Government announces grants for cyber security testing

Government announces grants for cyber security testing | Insurance Business

Government announces grants for cyber security testing

Brokers are being encouraged to discuss cyber security testing with their small business clients after the government announced a funding program earlier this week.

The Australian Small Business and Family Enterprise Ombudsman officially opened the grants process for the Cyber Security Small Business Program on Monday, with applications welcome until June 2020.

“Eligible small businesses with 19 or less employees can apply for a grant for a certified cyber security health check to determine business risks and areas that need attention,” said ombudsman Kate Carnell, upon the announcement.

“Depending on the number of devices tested, the maximum grant amount is $2,100 or up to 50% of eligible project costs,” she added.

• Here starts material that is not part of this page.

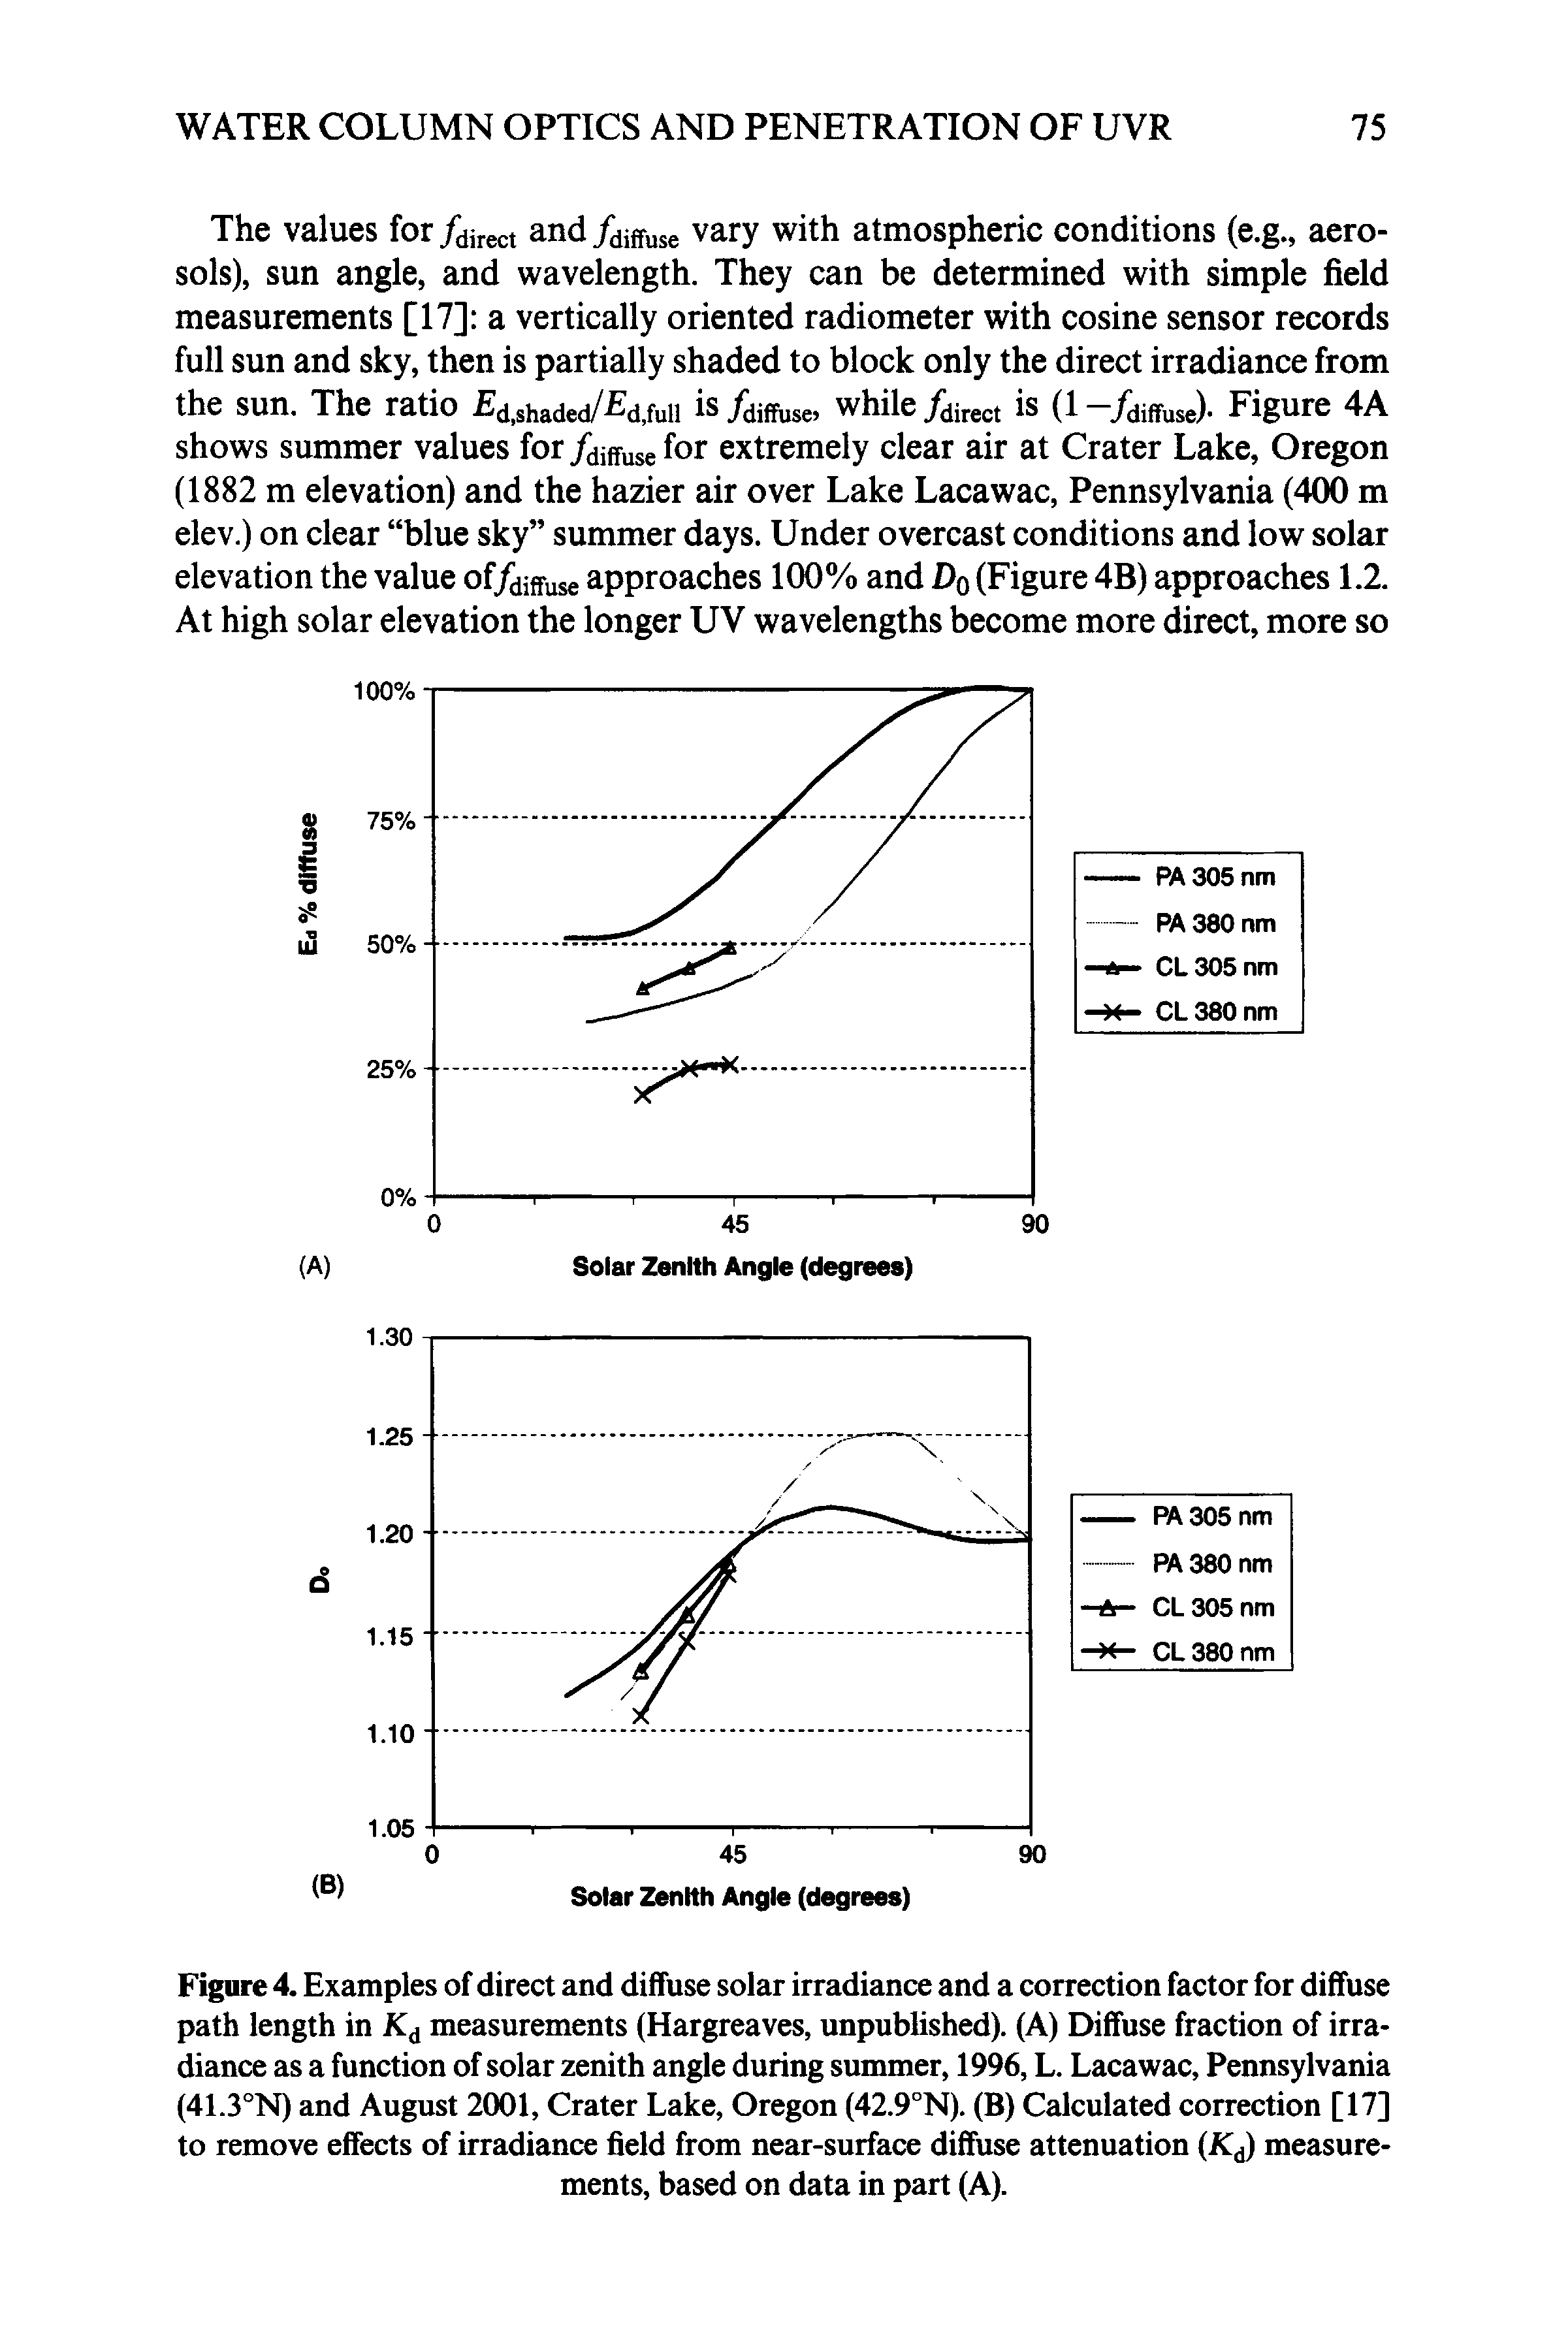 Figure 4. Examples of direct and diffuse solar irradiance and a correction factor for diffuse path length in measurements (Hargreaves, unpublished). (A) Diffuse fraction of irradiance as a function of solar zenith angle during summer, 1996, L. Lacawac, Pennsylvania (41.3°N) and August 2001, Crater Lake, Oregon (42.9°N). (B) Calculated correction [17] to remove effects of irradiance field from near-surface diffuse attenuation (K ) measurements, based on data in part (A).

Carnell also noted that the risks around cyberattacks are only increasing for Australians, with small businesses particularly susceptible.

“Cyber criminals are becoming more sophisticated and Australian statistics show more cyberattacks are hitting small businesses,” she said. “It has been estimated that cybercrime costs Australians more than $1 billion a year.”

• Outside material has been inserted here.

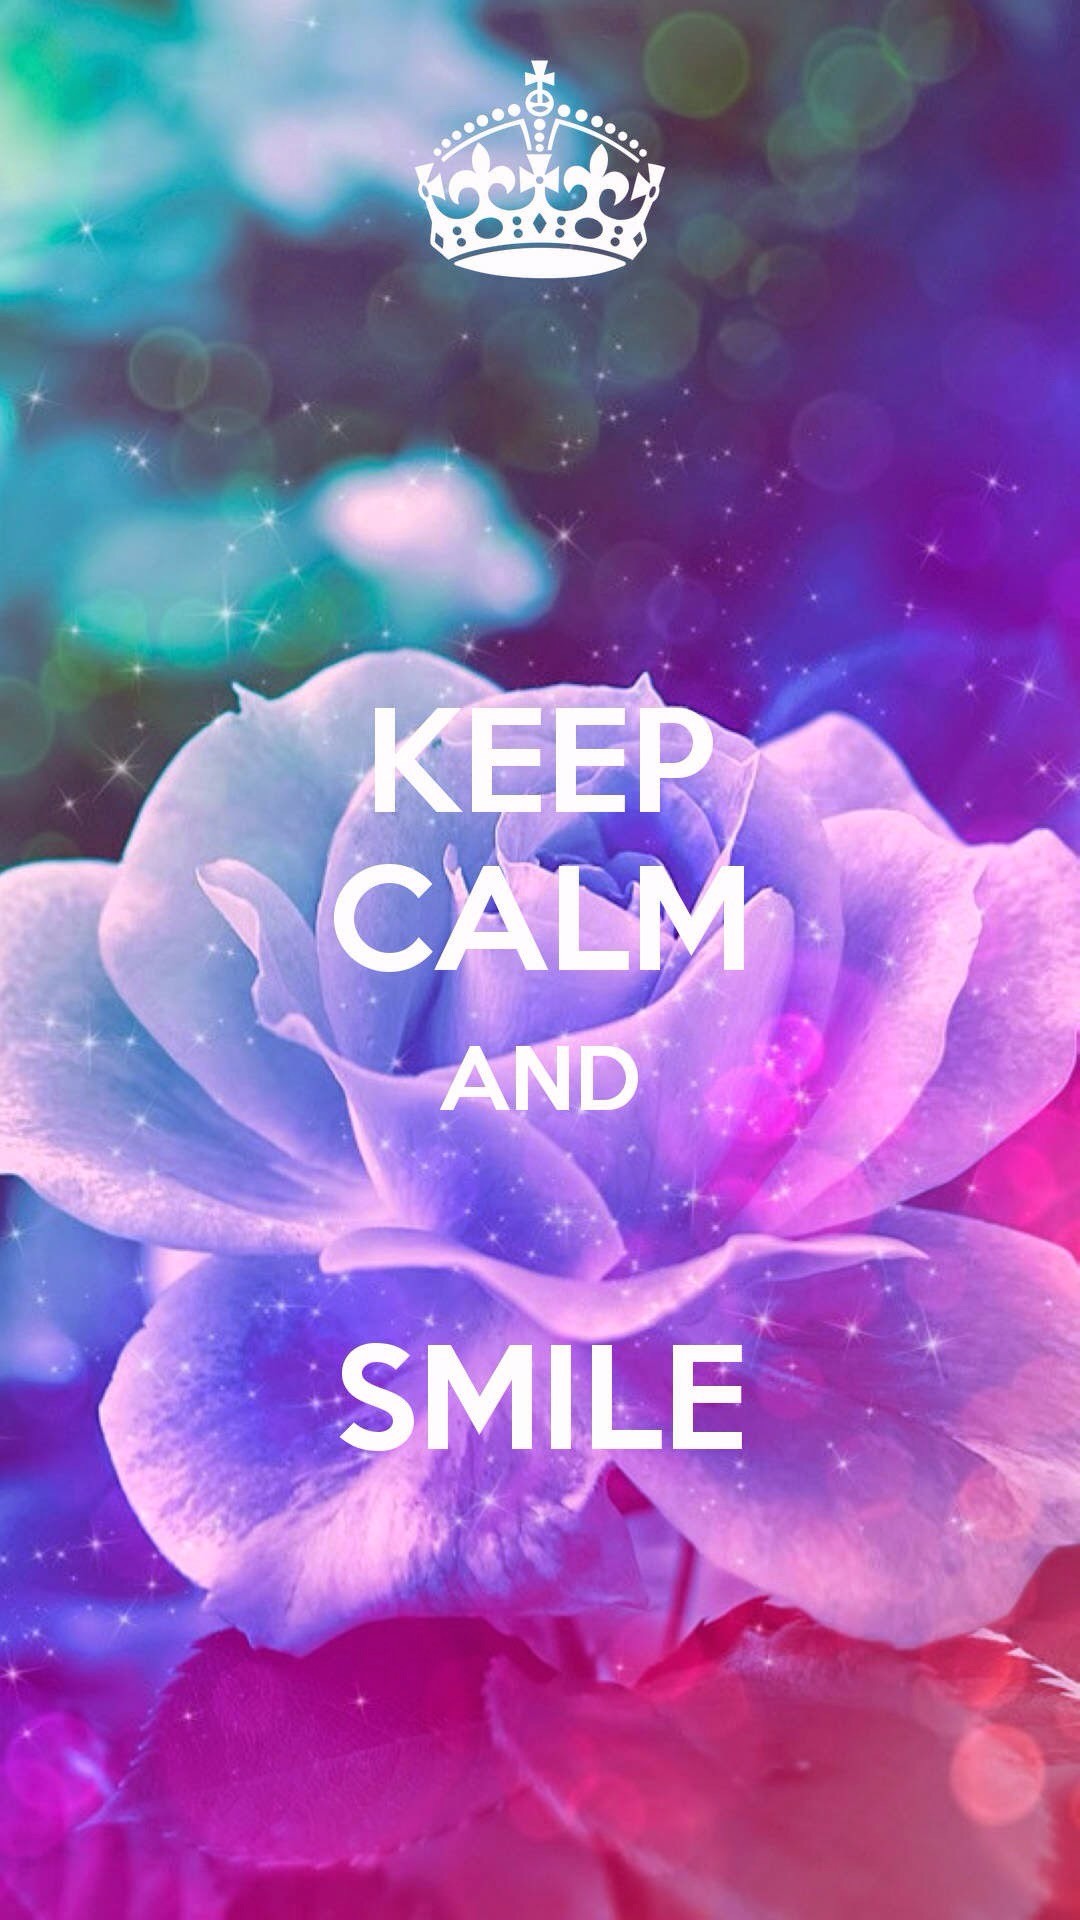 Keep Calm and smile - Quotes

Troy Filipcevic, founder and managing director of cyber specialist Emergence Insurance, welcomed the new program and said it could only benefit small businesses.

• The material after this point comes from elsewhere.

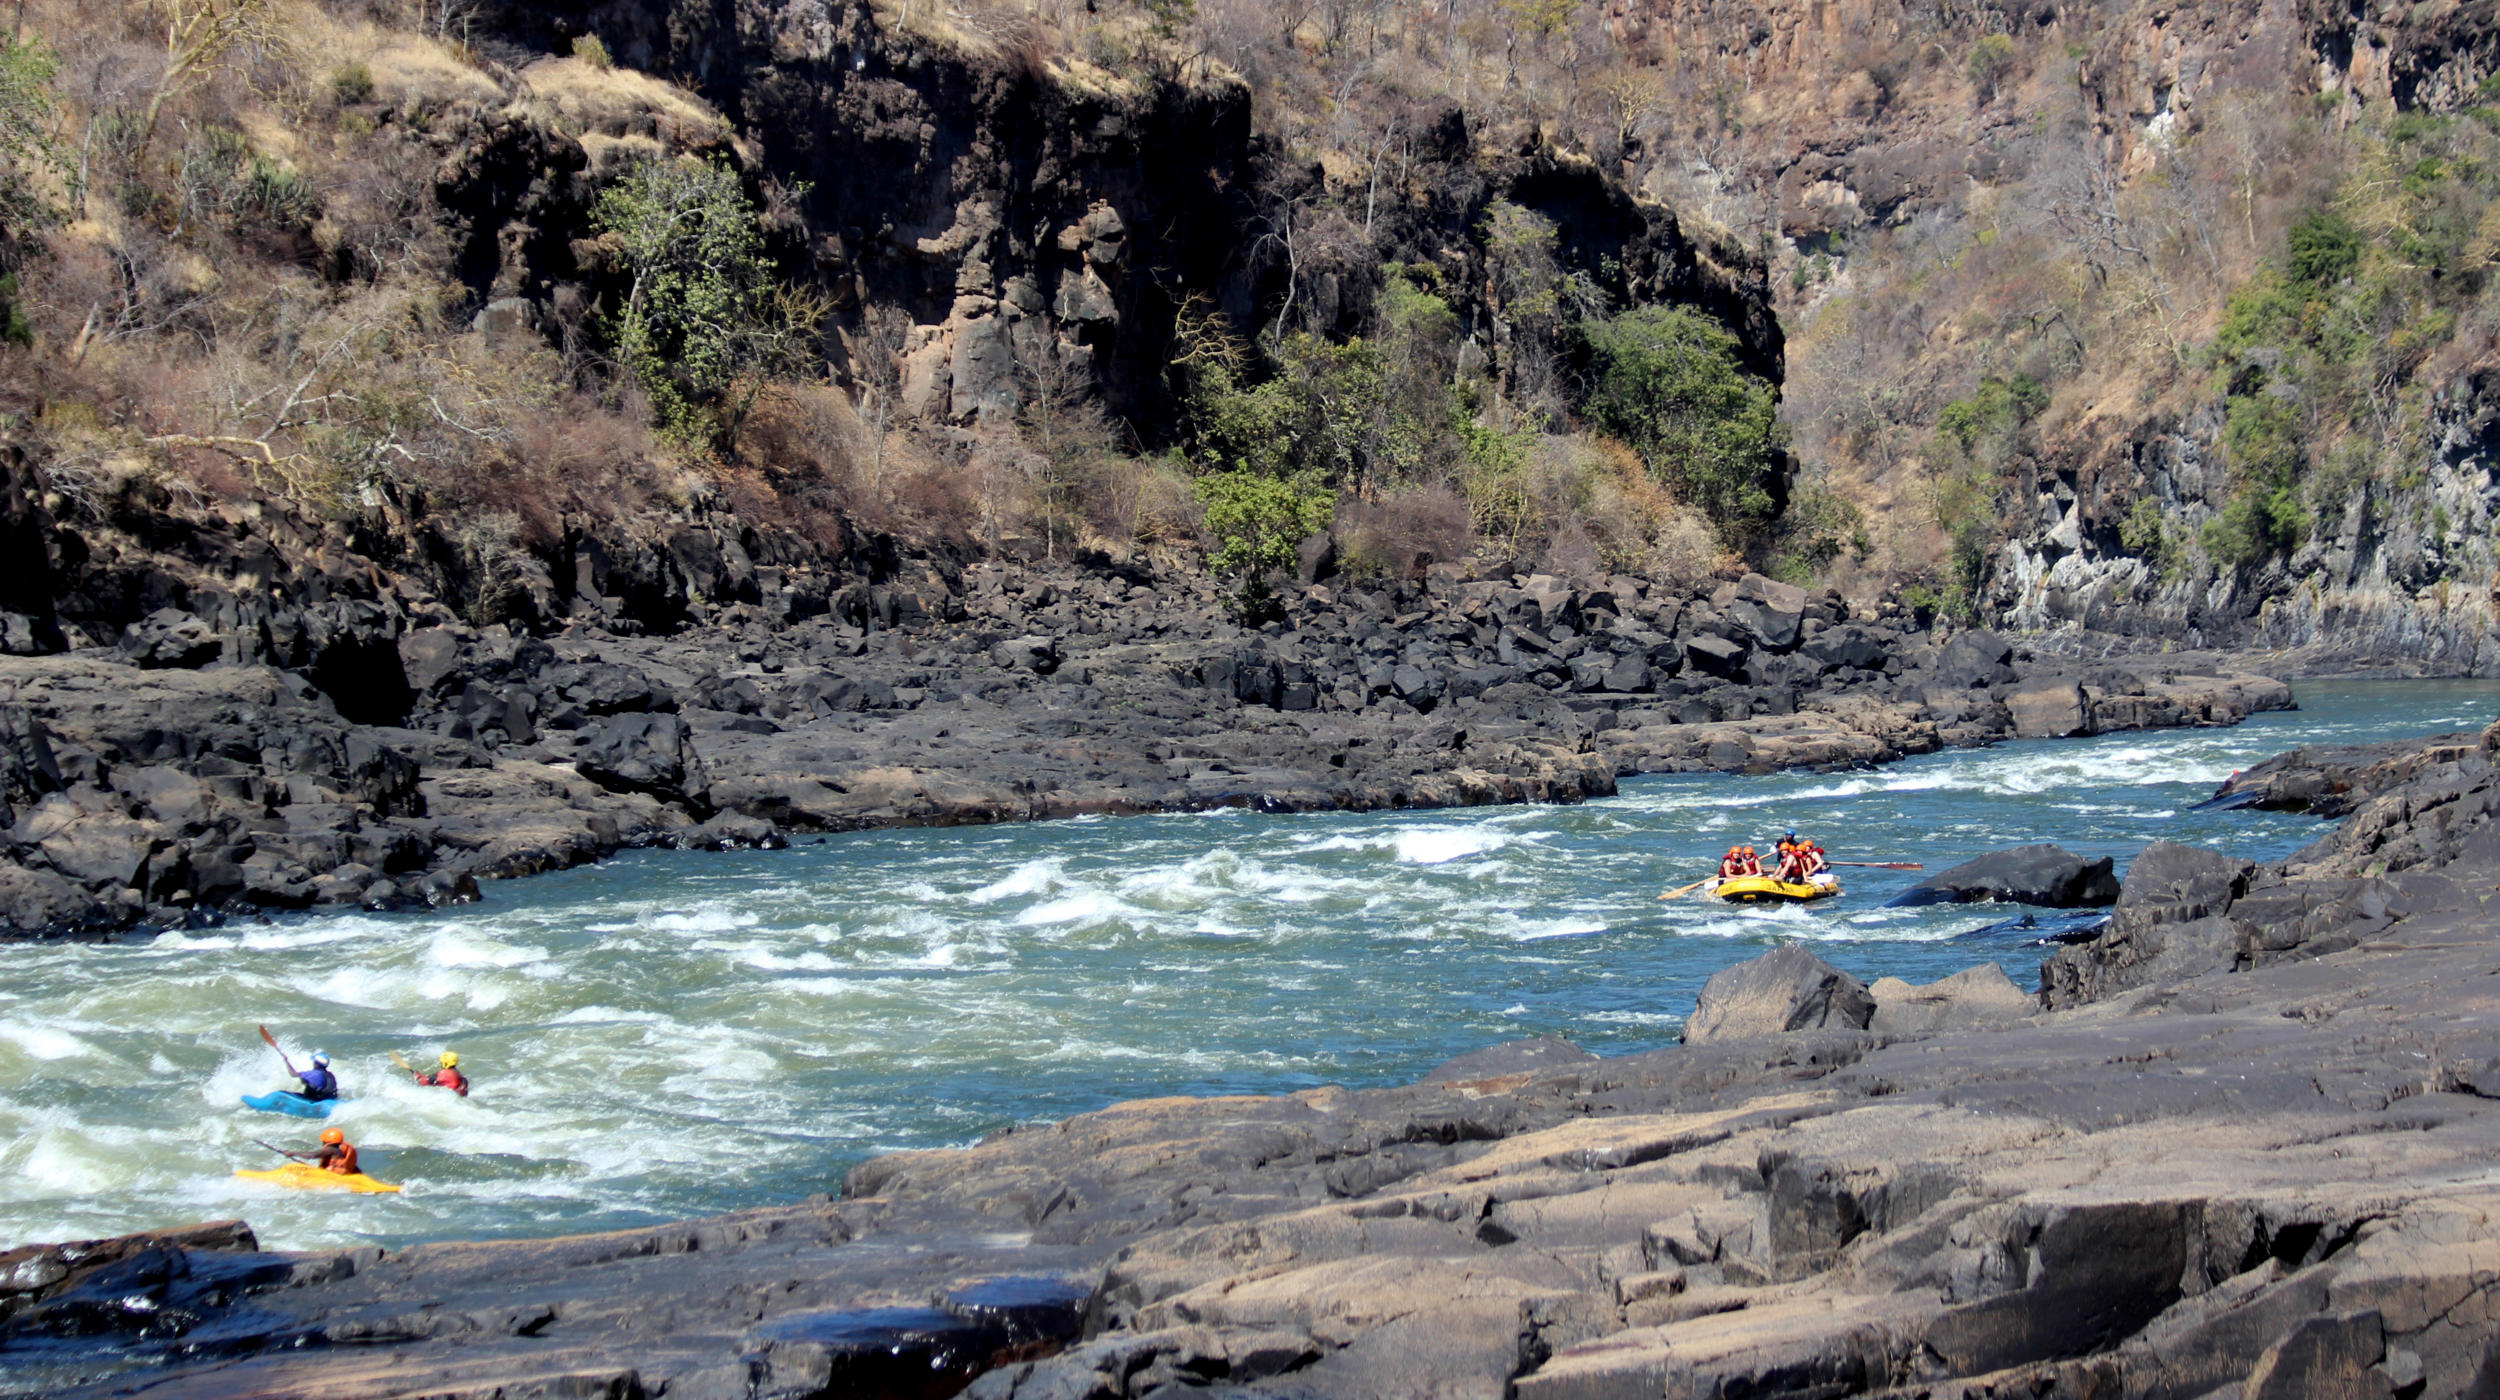 Visitors enjoying the white water rafting experience at Victoria Falls

“I fully support the government doing everything they can in assisting SMEs to become more aware of their cyber risks and vulnerabilities,” he told Insurance Business. “This raises the awareness and gives a blue print for businesses to take cyber security seriously and put provisions in place to help mitigate those vulnerabilities.”

Carnell also commented on the problem of underinsurance, noting that many small businesses don’t have specific protection in place, or mistakenly believe they’d be covered by a different policy.

“Research shows around one in five small businesses report they have been the target of a cyberattack and over half (56%) either don’t have cyber-crime protection or assume it is covered through their business insurance,” she said.

“Small businesses need to understand their anti-virus software only provides a certain level of protection, opening themselves up to loss of data, compromised financial security and identity theft.”

Filipcevic echoed Carnell’s sentiments and said many brokers were battling against common misunderstandings within the SME space.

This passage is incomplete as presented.